大人が知っておきたい建築用語。日常で役立つ基本用語を紹介

2019.07.18

建築用語は、建築業界に関わらない人にとっては難しいものも少なくありません。しかし、ある程度の建築用語を覚えていると、マイホーム建築や賃貸物件を借りるときなどに活用できます。そこで、覚えておいて損はない建築用語にまつわる情報を紹介します。

マイホーム建設に使える建築用語とは

マイホームを建てたい、と考えていろいろな情報を調べていると、専門的な建築用語が頻出してよく分からない、という経験をしたことはないでしょうか。マイホームを建てるときには、ある程度の建築用語とその意味を知っているだけでも理想の家づくりに役立ちます。

工法次第で家の形が決まる

家を建てるための工法には、いくつかの種類があります。それぞれの工法によりメリットやデメリット、コストのほか、家の形も変わってきます。主な工法として、以下の5種類があります。

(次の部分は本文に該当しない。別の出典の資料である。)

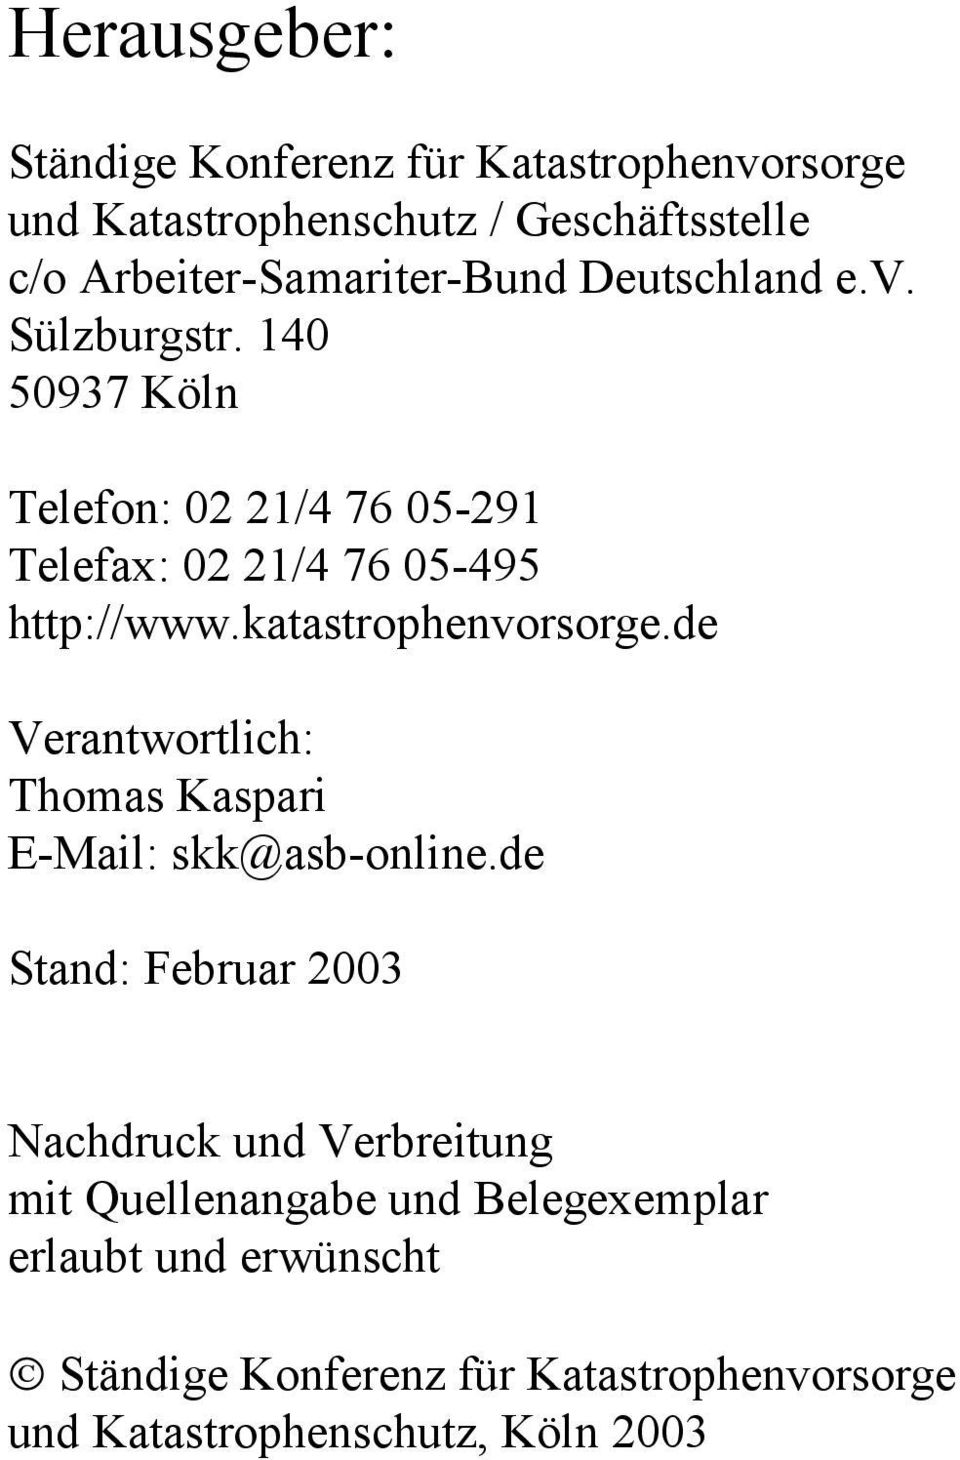 katastrophenvorsorge.de Verantwortlich: Thomas Kaspari E-Mail: skk@asb-online.

  • 木造軸組工法:『在来工法』と呼ばれることもある、日本の伝統的な工法。土台に載せた基礎に木材で作った柱や梁で骨組みを作る方法で、比較的デザインや間取りの自由度が高く、増改築もしやすい工法である
  • 2×4(ツーバイフォー)工法:断面サイズが2×4の角材を使用することから名付けられた2×4工法は、北米から輸入された、天井や床、壁で建物を支える工法である。耐震性や耐火性に優れている
  • 鉄骨造:柱や梁にボルトで固定した鉄骨を用いる工法。鉄骨の種類により軽量鉄骨造、重量鉄骨造に分けることができる。木造よりも柱の数を少なくできるので、大きな空間を作りやすいメリットがある
  • RC造:鉄筋を組み立てた型枠にコンクリートを流し、壁や柱を作る工法で、『鉄筋コンクリート造』とも言う。耐久性や耐火性、強度の高い家を作れるメリットがある
  • プレハブ工法:プレハブ工法では、工場で作った壁や柱、梁などの部材を現場で組み立てる工法である。工場で作られた部材を使用するので品質管理しやすく、工期を短く済ませやすい

立地によって家の形は異なる

家を建てるには、土地が必要です。その土地の場所によっては、理想の家を建てられないこともあります。そこで知っておきたいのが、『建ぺい率』と『容積率』です。

建ぺい率とは、敷地面積に対して建物を建てられる建築面積の割合です。例として、100平方メートルの土地で建ぺい率が50%とされていた場合、建てられる家の建築面積は50平方メートルまでとなります。

容積率とは、敷地面積に対する延べ床面積のことです。延べ床面積とは、全ての階の床面積の合計で、玄関やベランダなどは含まれません。

例えば、敷地面積100平方メートルの土地で容積率が100%だった場合は、全ての階の床面積の合計が100平方メートルまでの建物を建てられます。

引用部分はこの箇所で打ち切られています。